Starace e il rapporto turbolento con il governo Draghi
Diversa la situazione di Francesco Starace all’Enel, anche lui giunto alla fine del terzo mandato vantando ottimi risultati ma un rapporto turbolento con governo Draghi di cui ha spesso contraddetto la politica energetica incarnata dal ministro Cingolani (è un radicale sostenitore delle rinnovabili) e la collocazione geopolitica con la rigida chiusura a Mosca dopo l’invasione dell’Ucraina. Starace può sicuramente ambire al quarto mandato se a Palazzo Chigi si insedierà una nuova maggioranza.

Alessandro Profumo, ad di Leonardo e manager col cuore a sinistra
Cosa che forse avvantaggerebbe anche un altro manager di peso, Stefano Donnarumma, l’ad di Terna che unico tra i boiardi di Stato nell’aprile scorso ha presenziato alla convention milanese di Fratelli d’Italia senza che peraltro Giorgia Meloni, e soprattutto il suo ascoltato consigliere Guido Crosetto, lo consideri organico al suo raggruppamento. Non avvantaggerebbe invece Alessandro Profumo, ad di Leonardo e manager col cuore a sinistra, uno dei pochi banchieri che nel 2007 votò alle primarie del Pd che incoronarono Walter Veltroni alla segreteria e più volte resosi disponibile con i governi di centrosinistra per incarichi ministeriali.
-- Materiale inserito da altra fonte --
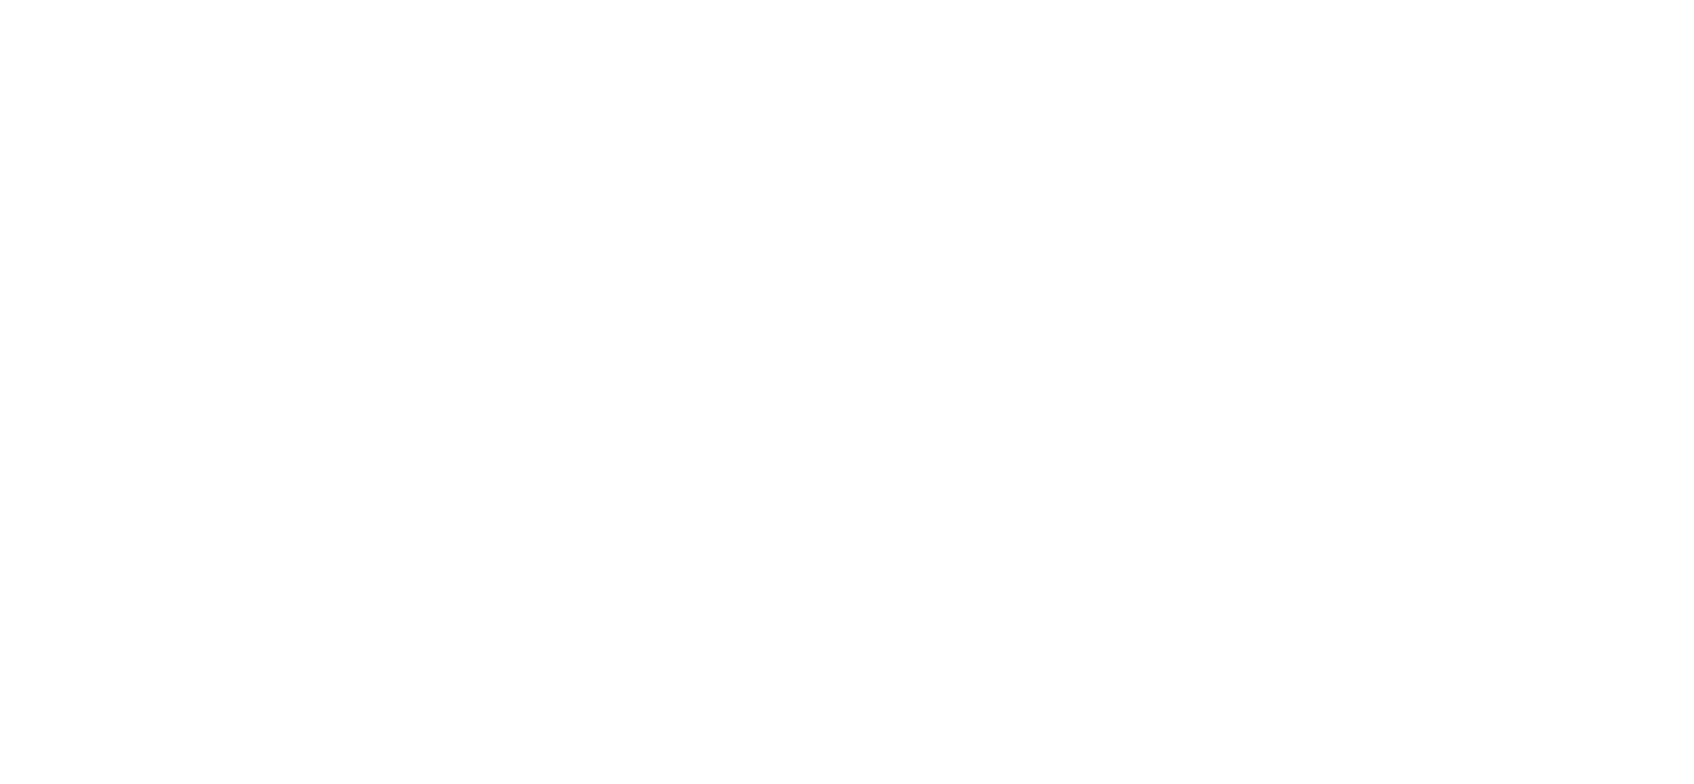 Large wavy text reading "SELF-EXPRESSION + MENTAL HEALTH + COMMUNITY = SoVM"

Cassa depositi e prestiti è un ente troppo importante per usare l’accetta
L’altro grande punto di domanda riguarda Cdp, il braccio pubblico di investimenti che ogni governo vuole avere totalmente schierato dalla sua parte per la delicatezza dei dossier da affrontare. Non a caso Draghi preferì Dario Scannapieco a Fabrizio Palermo, che puntava con decisione e buoni sponsor alla riconferma. Inevitabile dunque che con un cambio di maggioranza politica le tensioni si rifletterebbero immediatamente negli uffici di via Goito, quartier generale romano della Cassa. Con la sostituzione di Scannapieco? No, primo perché il manager arrivato dalla Bei non è in scadenza. Poi perché Cdp è un ente troppo importante per usare l’accetta. Lo fece, caso unico nella sua storia, solo Matteo Renzi che estromise Franco Bassanini per mettere al suo posto i fidati Claudio Costamagna e Fabio Gallia. Se mai, sulla Cassa si rifletterebbero tutte le pressioni inevitabili quando gli assetti di governo mutano.

Con il centrodestra finirebbe la breve corsa di Carlo Fuortes alla Rai?
Un po’ come accade alla Rai, cartina di tornasole di ogni sommovimento nelle stanze della politica. Con il centrodestra finirebbe la breve corsa di Carlo Fuortes alla guida della televisione pubblica? Sì, ma anche qui non subito. Per l’ex sovrintendente dell’Opera di Roma la parabola potrebbe essere simile a quella del duo Foa-Salini che sopravvissero per oltre un anno al passaggio dal gialloverde Conte 1 al giallorosso Conte 2. E poi, fanno osservare maliziosamente gli esegeti di viale Mazzini, nelle ultime tornate di nomine Fuortes si è speso senza parsimonia per accontentare gli appetiti di Meloni che chiedeva più spazio per i suoi.